As a case study of the “production of space,” Place Ville-Marie demonstrates the importance of business and economic imperatives in determining the shape and purpose of urban forms. However, these imperatives were not structured by a disembodied or idealized market, for the making of Place Ville-Marie—pursued by a constellation of elite figures—was itself creating and redefining the commercial real estate market in Montreal. Nor was this activity structured by a singular effort to achieve maximum returns on capital, for Zeckendorf operated—above all else—as a promoter of grand projects, as understandable in terms of male ego and status as profit. Zeckendorf declared bankruptcy for the first time 1965; it would not be his last.

Yet, when he published his autobiography in 1970, he wrote as a man whose vision had been vindicated, a man who had defied the city’s stodgy elite and had transformed the city. Zeckendorf’s boasts were not completely audacious. Vincent Ponte placed Place Ville-Marie at the heart of what he described as the “ten golden years of Montreal’s Downtown,” from 1956 to 1966.[165] In Ponte’s telling, a direct line ran from the building of Place Ville-Marie and the tax revenues it generated for the city, to the city’s financial capacity to fund the construction of the Métro, to the city’s ability to capture Expo, and to its ability to engage in “massive highway improvements.”[166] Place Ville-Marie not only established a new symbol of the modern; it stimulated urban growth. But if it appeared to achieve the economic and cultural status Zeckendorf promised, the history of Place Ville-Marie’s making reveals the operation of capitalist incentives and a process of “creative destruction” that were both much more limited and chaotic than suggested by the mythic rhetoric that surrounded the project.

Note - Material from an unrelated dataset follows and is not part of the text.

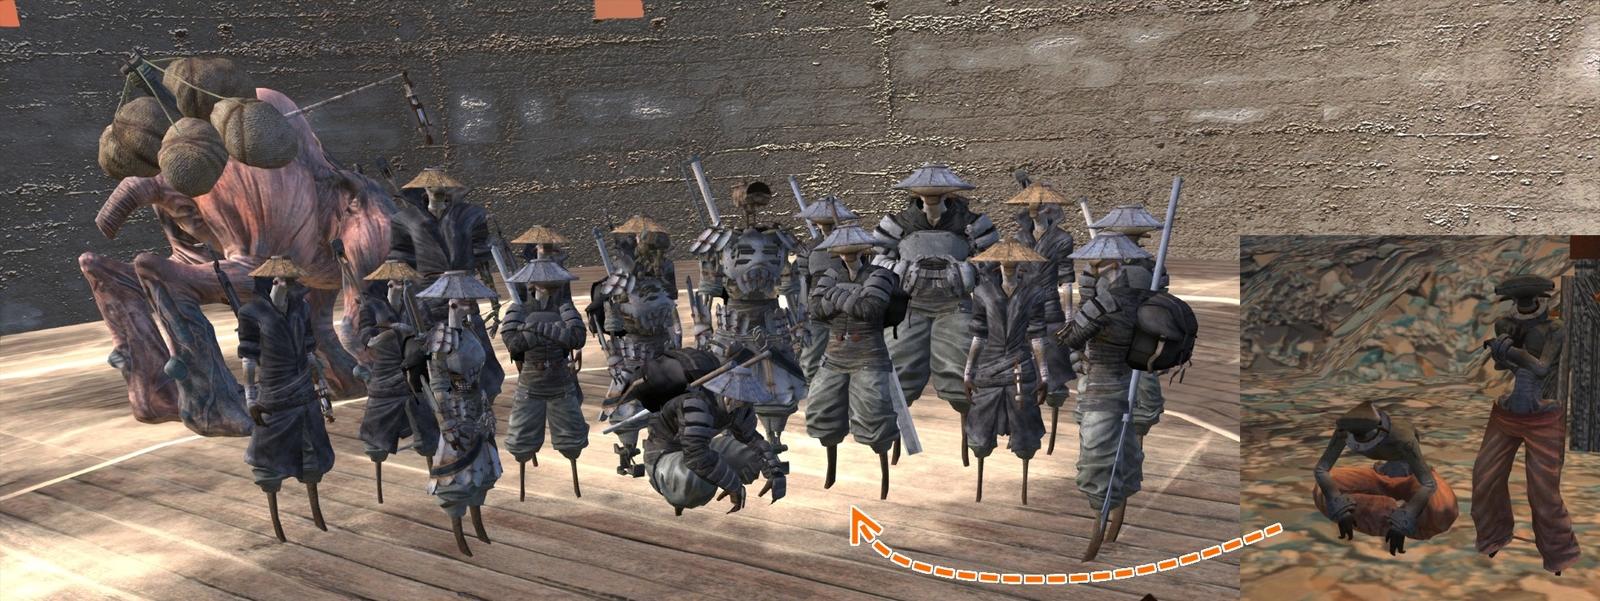 Kenshi Martial Arts Mod
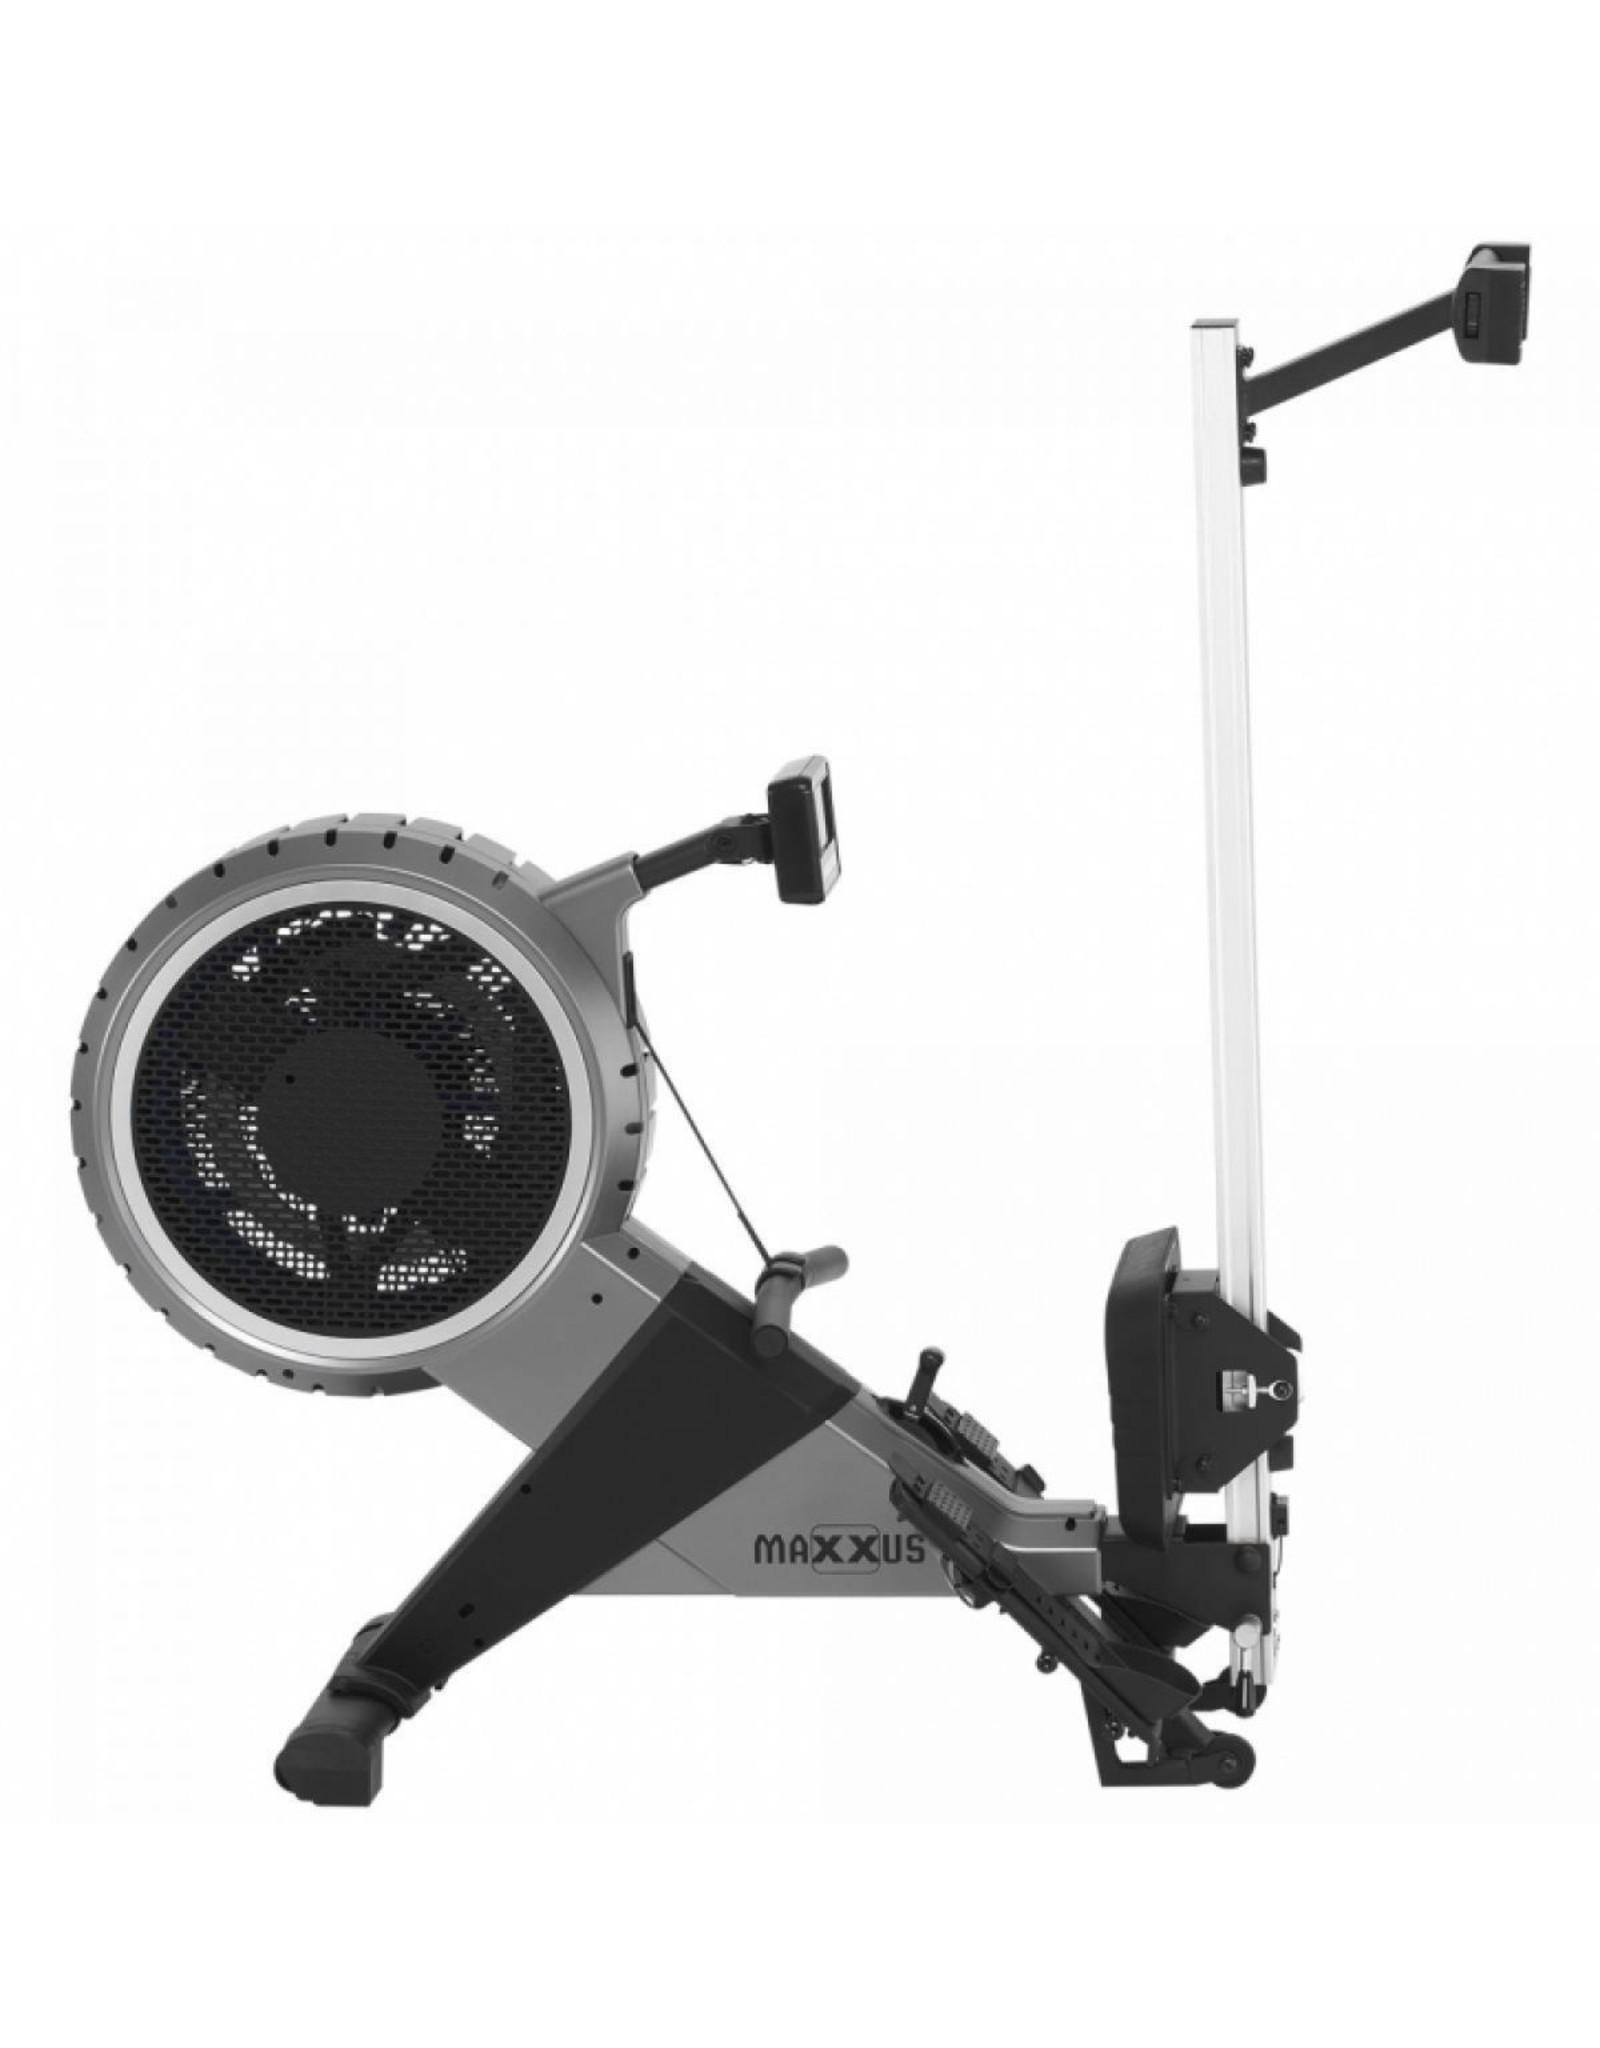 Maxxus MAXXUS Roeimachine 7.4 met trainingscomputer

The discursive construction of Place Ville-Marie by its promoters, as this study has argued, was an exercise in both salesmanship and cultural hegemony. Sold to corporate tenants as a site of prestige and to politicians and the public as a vehicle for modernization and growth, Place Ville-Marie executed a reimagination of Montreal’s downtown core, presented as a sharp break from the past. The myth of Place Ville-Marie accommodated and absorbed nationalist aspiration, celebrated consumer capitalism, and projected corporate prestige. The popular appeal of this modernist mythology was powerfully demonstrated by the spectacle of Place Ville-Marie’s inauguration, which we encountered in the introduction; it was a fleeting moment. The modern future imagined on that day was not to be. Underlying the imagery of Place Ville-Marie persisted remarkably colonial financial arrangements: the U.K. firm Eagle Star Insurance collected a profit of over $4 million when it sold off its Trizec stock in 1970.[167] Prescient about the tensions and contradictions between nationalist objectives and a globalizing capitalist economy, Hubert Aquin considered Place Ville-Marie an empty gesture and critiqued its contrived efforts to appear French-Canadian.[168] Place Ville-Marie was an exemplar of the paradoxical intensification of global connectedness accompanied by rising nationalisms during the 1950s and 1960s in Quebec and elsewhere.[169] While Place Ville-Marie appeared to facilitate nationalist aims of modernization and eclipse old barriers of ethno-linguistic privilege, it also embodied new capitalist values and the rise of new capitalist forces that were superseding the old. As such, it reinforced and revitalized capitalism in its new forms, a product of the dynamic social order from which it had arisen.